A Copa de 30

Em crônica de Futebol ao Sol e à Sombra, o escritor uruguaio reconstrói a atmosfera da época em que foi realizada a primeira Copa do Mundo.

Eduardo Galeano 13 jun 2018, 18:18

Um terremoto sacudia o sul da Itália enterrando mil e quinhentos napolitanos, Marlene Dietrich interpretava O Anjo Azul, Stalin culminava sua usurpação da revolução russa, o poeta Vladimir Maiacovski se suicidava. Os ingleses jogavam Mahatma Gandhi, que exigindo independência e querendo pátria tinha paralisado a índia, na prisão, enquanto sob as mesmas bandeiras Augusto César Sandino levantava os camponeses da Nicarágua nas outras índias, as nossas, e os marines norte-americanos tentavam vencê-lo pela fome incendiando as colheitas.

Nos Estados Unidos havia quem dançasse o recente boogie-woogie, mas a euforia dos loucos anos vinte havia sido nocauteada pelos ferozes golpes da crise de 29. A Bolsa de Nova York tinha caído a pique e, em sua queda aviltou os preços internacionais e estava arrastando para o abismo vários governos latino-americanos. No despenhadeiro da crise mundial, a ruína do preço do estanho derrubava o presidente Hernando Siles, na Bolívia, e colocava em seu lugar um general, e a queda dos preços da carne e do trigo derrubava o Presidente Hipólito Yrigoyen, na Argentina, e em seu lugar instalava outro general. Na República Dominicana, a queda do preço do açúcar abria o longo ciclo da ditadura do também general Rafael Leónidas Trujillo, que inaugurou seu poder batizando com seu nome a capital e o porto.

No Uruguai, o golpe de Estado ia estourar três anos depois. Em 1930, o país só tinha olhos e ouvidos para o primeiro Campeonato Mundial de Futebol. As vitórias uruguaias nas duas últimas olimpíadas, disputadas na Europa, tinham transformado o Uruguai no inevitável anfitrião do primeiro torneio.
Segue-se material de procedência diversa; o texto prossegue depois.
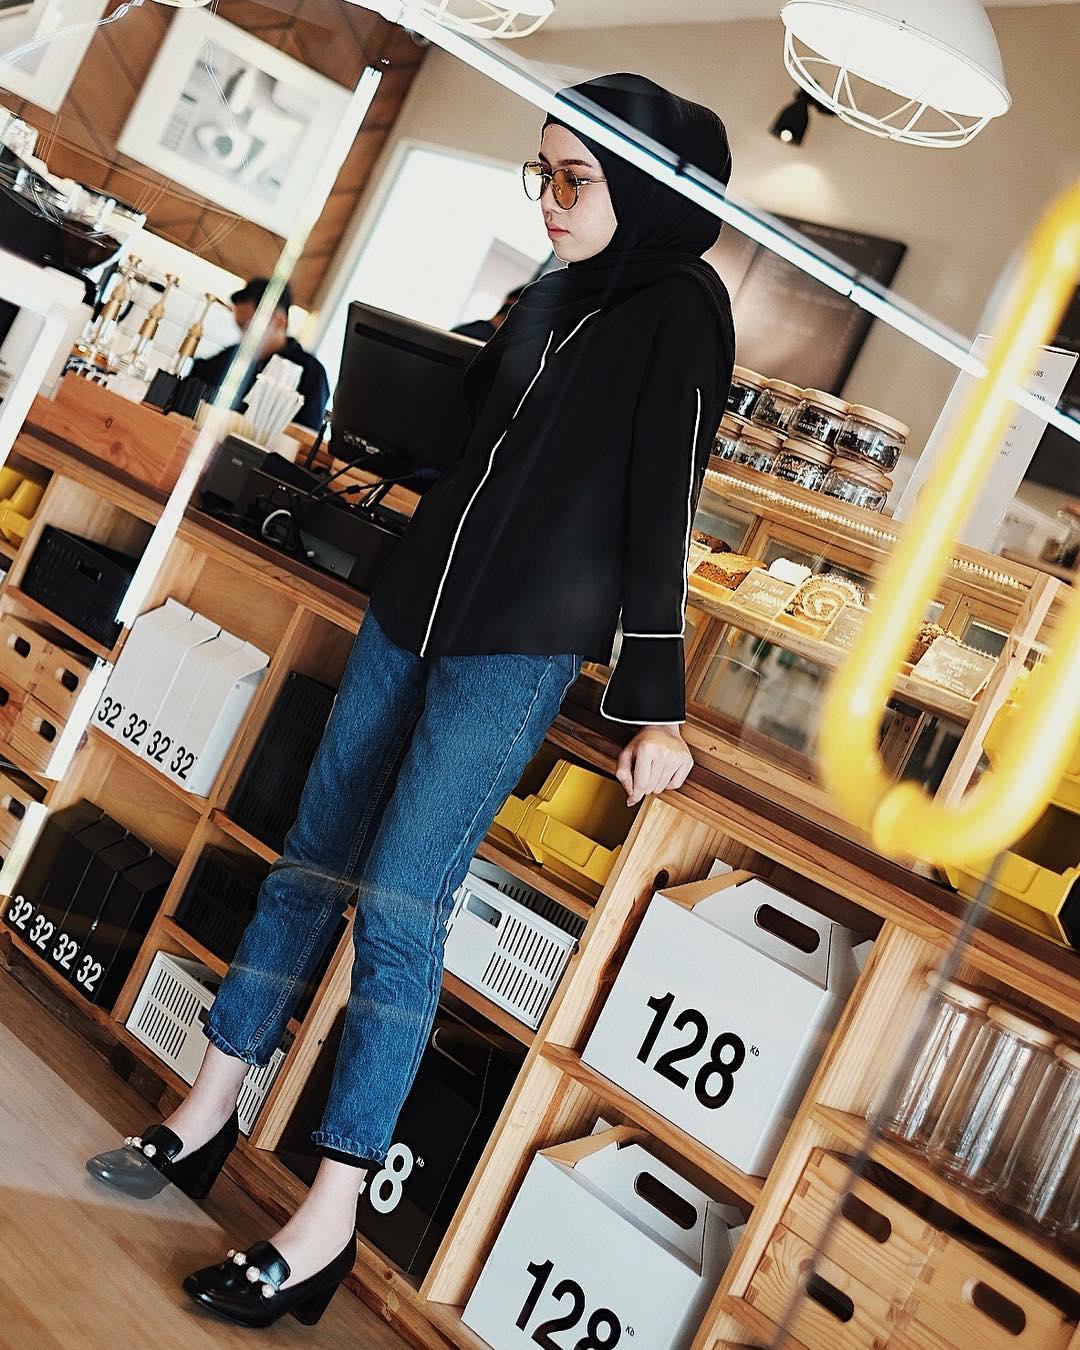 OOTD Baju Hijab Kekinian Ala Selebgram 2018 wedges heels pashmina ciput daleman kerudung top blouse shirt kemeja hitam garis putih sunglasses kacamata bulat gold pants jegging denim longpants jeans biru tua blue ootd outfit kekinian 2018 selebgram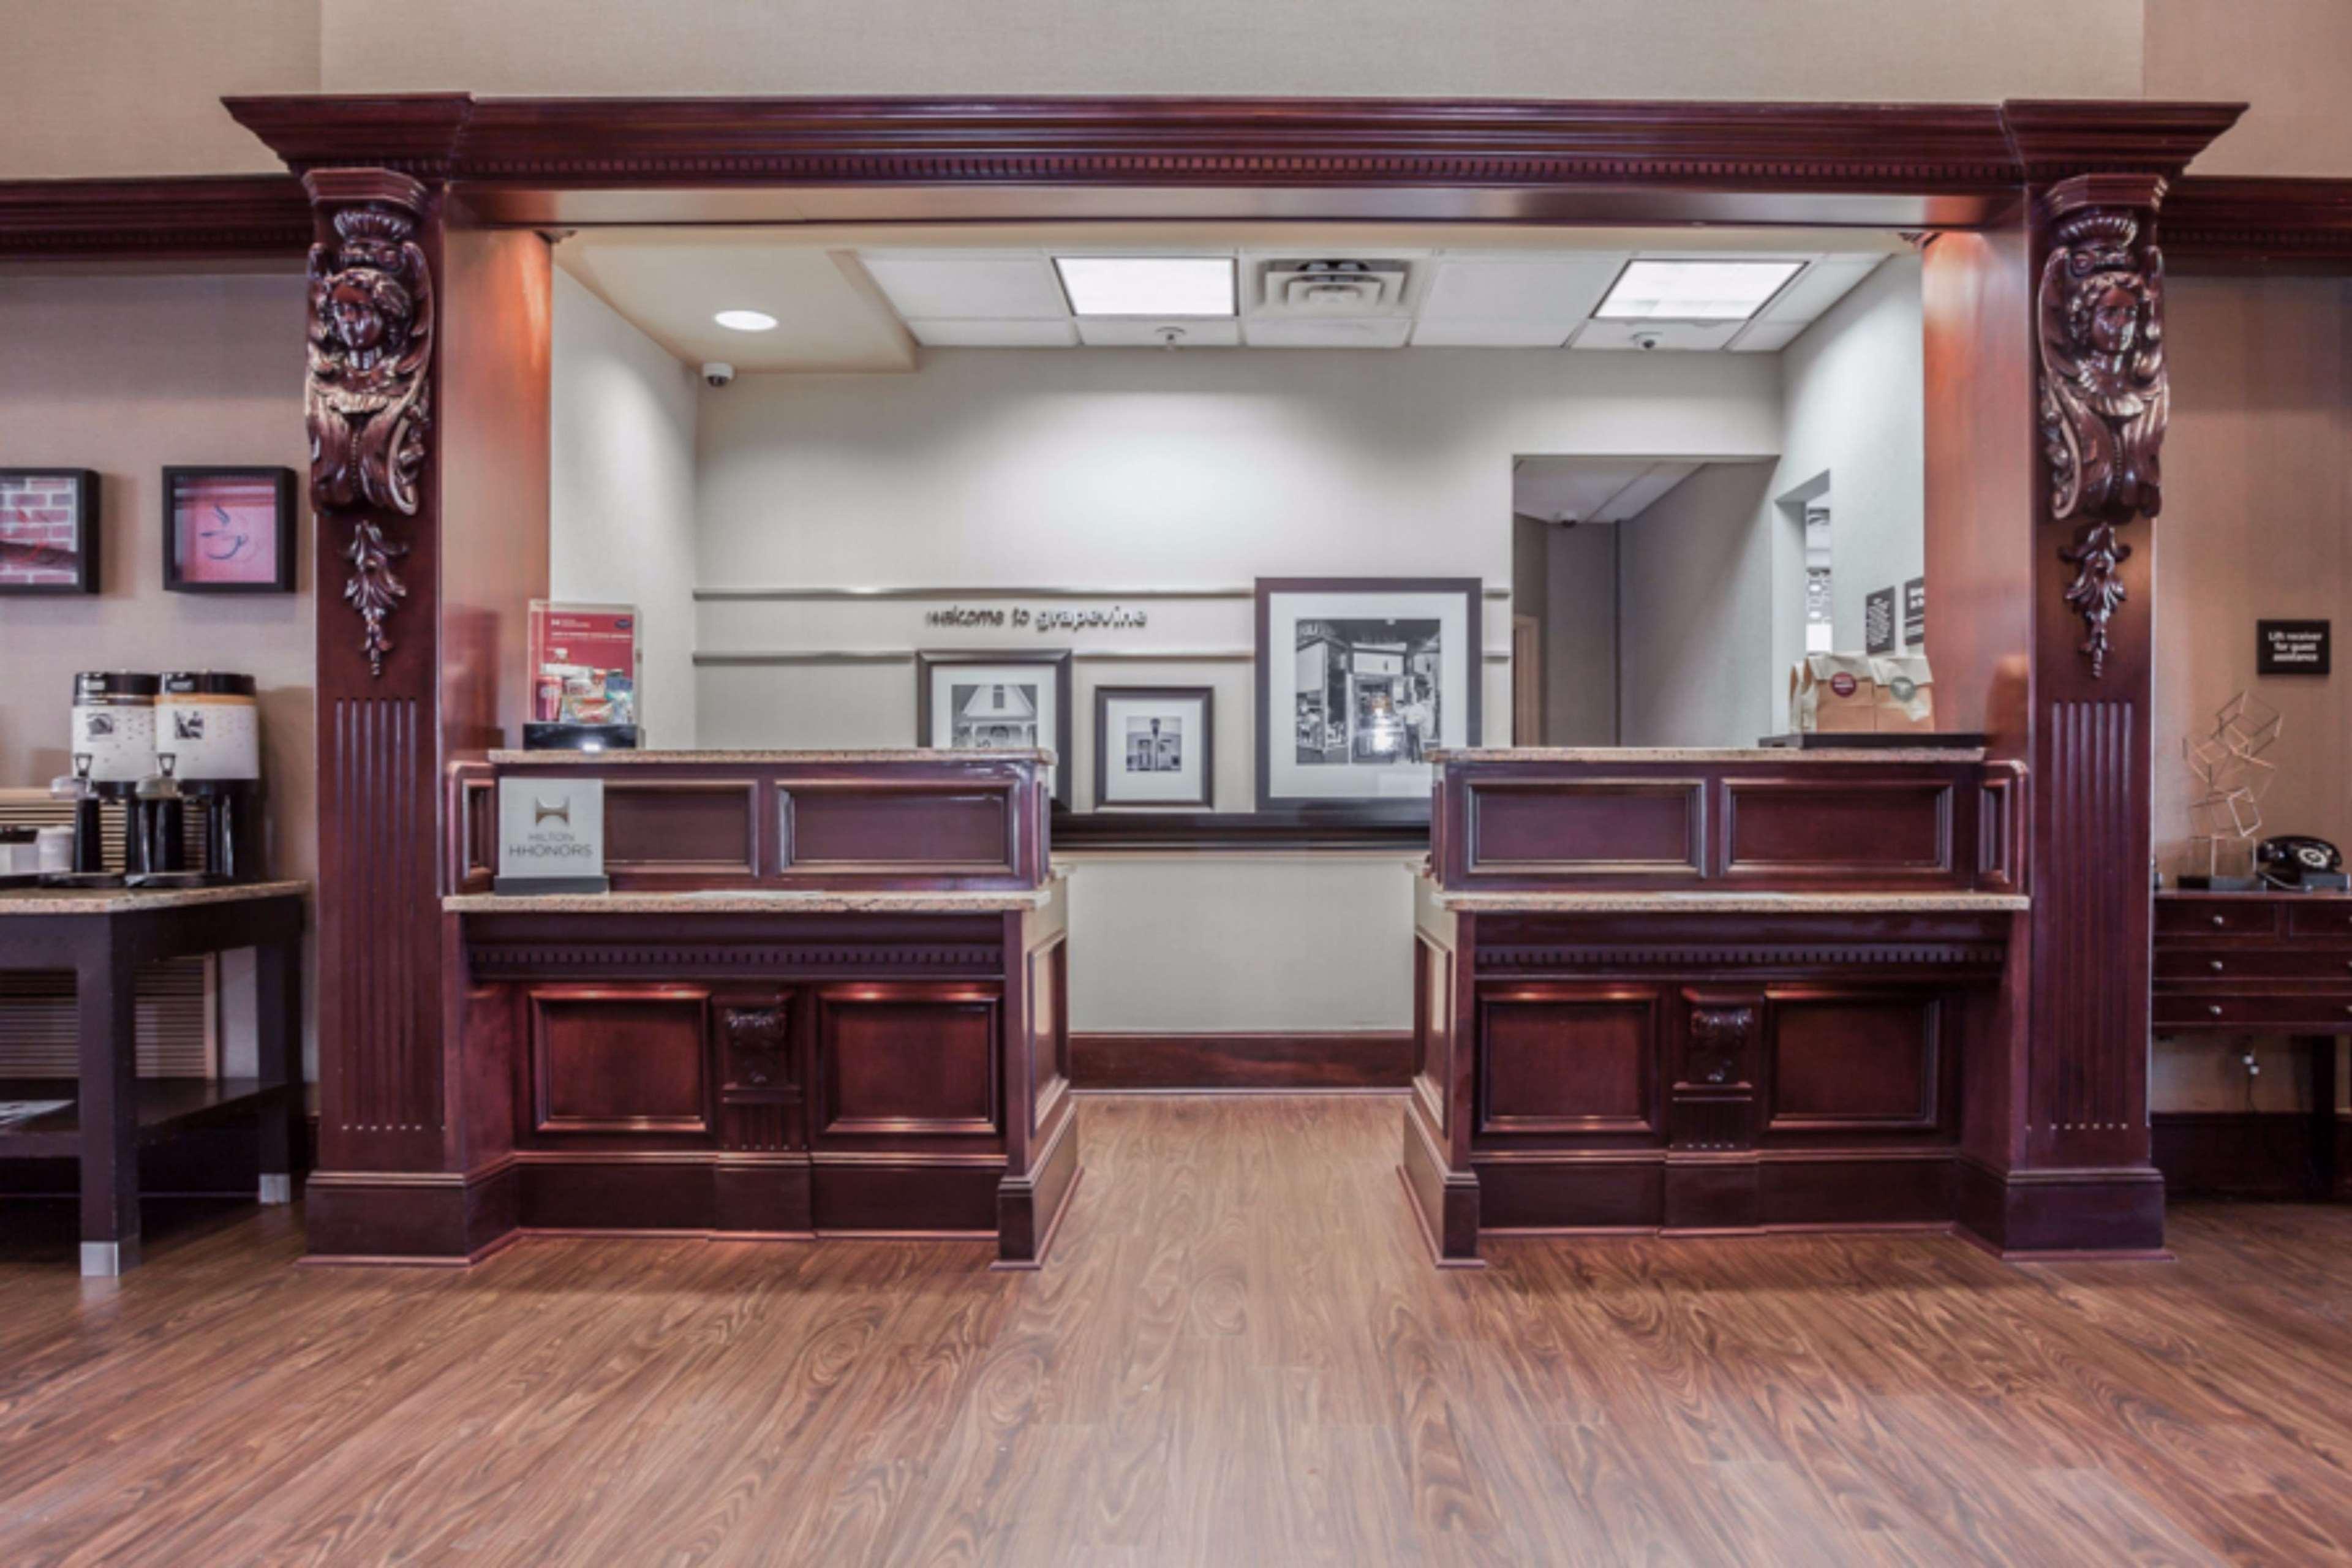 Hampton Inn & Suites Dallas-DFW Airport North-Grapevine image 3

Doze nações chegaram ao porto de Montevidéu. Toda a Europa estava convidada, mas só quatro seleções européias atravessaram o oceano até estas praias do sul:

– Isso está muito longe de tudo – diziam na Europa – e a passagem sai cara.

Um navio trouxe da França o troféu Jules Rimet, acompanhado pelo próprio Dom Jules, presidente da FIFA, e pela seleção francesa de futebol, que veio contrariada. O Uruguai estreou com bumbos e pratos um monumental cenário construído em oito meses. O estádio se chamou Centenário, para celebrar o aniversário da Constituição que um século antes tinha negado direitos civis às mulheres, aos analfabetos e aos pobres. Nas arquibancadas não cabia nem um alfinete quando Uruguai e Argentina disputaram a final do campeonato. O estádio era um mar de chapéus de palha. Também os fotógrafos usavam chapéus, e câmaras com tripés. Os goleiros usavam gorros e o juiz vestia um calção negro que lhe cobria os joelhos.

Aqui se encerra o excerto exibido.